[Written for Mr. Showbiz]
Given world enough and time, Jim Thompson the pulp Camus (The Getaway, After Dark My Sweet) would have got round to writing about a poor Thompsonian schlub in Hokkaido, in the snowy north of Japan. Meanwhile, the protagonist of Masahiro Kobayashi’s Film Noir will do. He lost his job a while ago but, instead of admitting it to his wife, has been leaving their nifty A-frame every morning and pretending to drive off to work. Real destination: a mini–Las Vegas at a nearby mall, where he sits all day playing pachinko and hoping to win enough to keep them afloat. One day the place is unexpectedly closed.
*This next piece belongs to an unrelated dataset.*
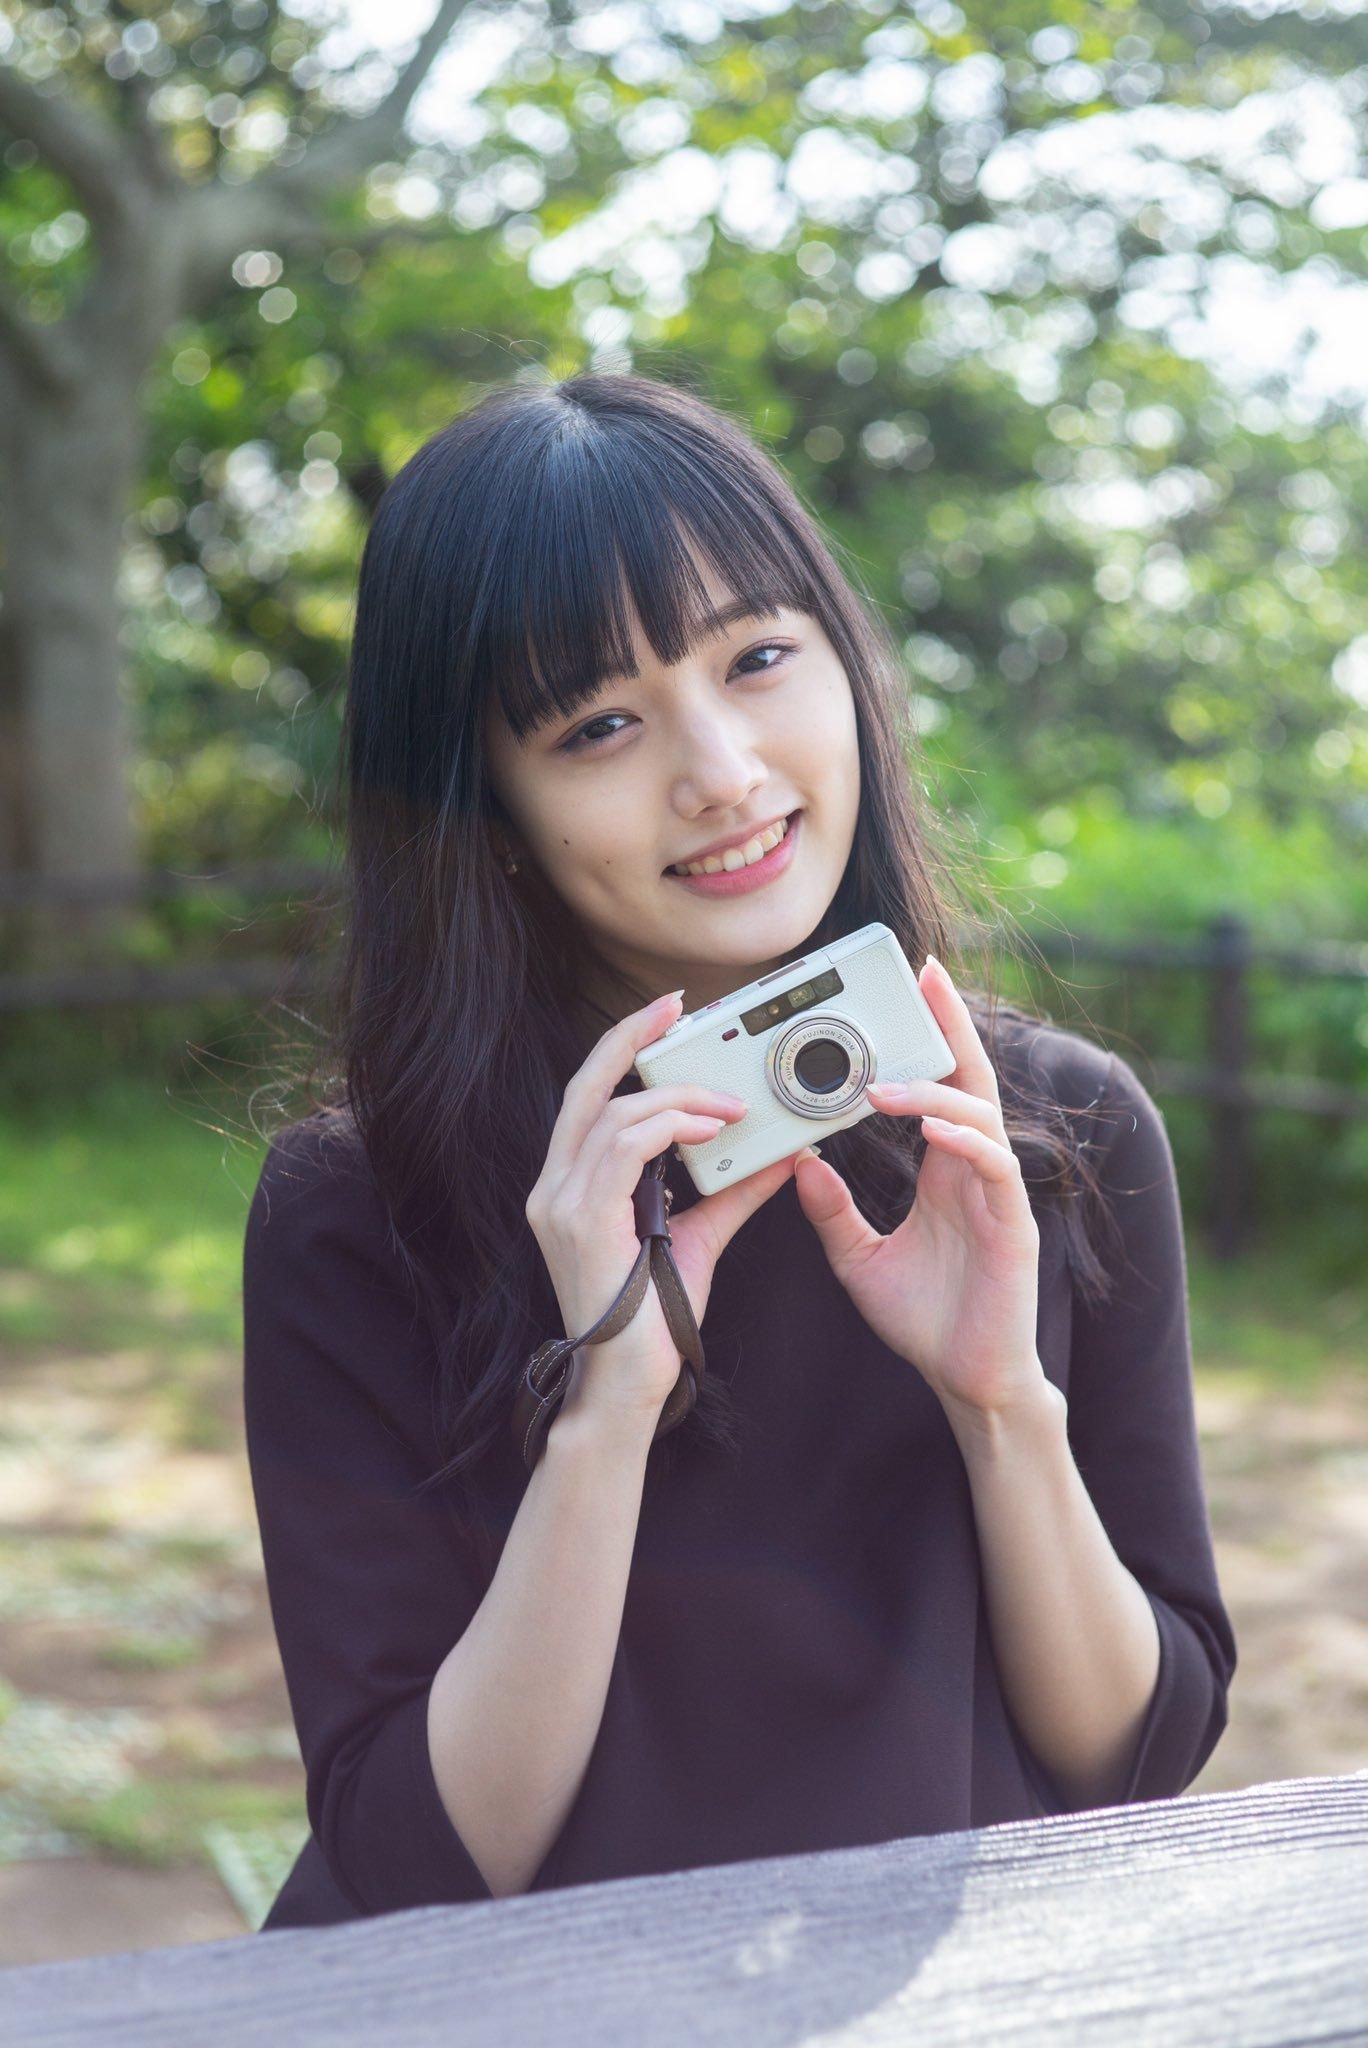 久等了20岁安藤笑樱睽违近一年推出写真 养眼图片 第4张

As our hero sits in his car trying to decide what else to do with his life, a spooky loner appears out of nowhere and makes him an offer. Why not turn hitman? Here’s a guy’s picture, here’s a gun, here’s even a set of instructional videos to get you started….
The videos, as it happens, are Jean-Pierre Melville movies, and Kobayashi’s film is dedicated to the auteur of Le Samouraï, Bob le Flambeur, et al. Kobayashi himself isn’t in that league, but he has a clean eye for absurdist compositions and gets some lustrous effects, especially with startling washes of color, amid the blue-white snowfields and always empty landscape. Mostly the tone of his storytelling is lighter than either Melville or Thompson would have appreciated; indeed, much of Film Noir plays less like its namesake and more as a comedy. Still, the movie’s metaphor for bourgeois frustration and the hopelessness of escape is an honorable addition to noir’s glossary of despair.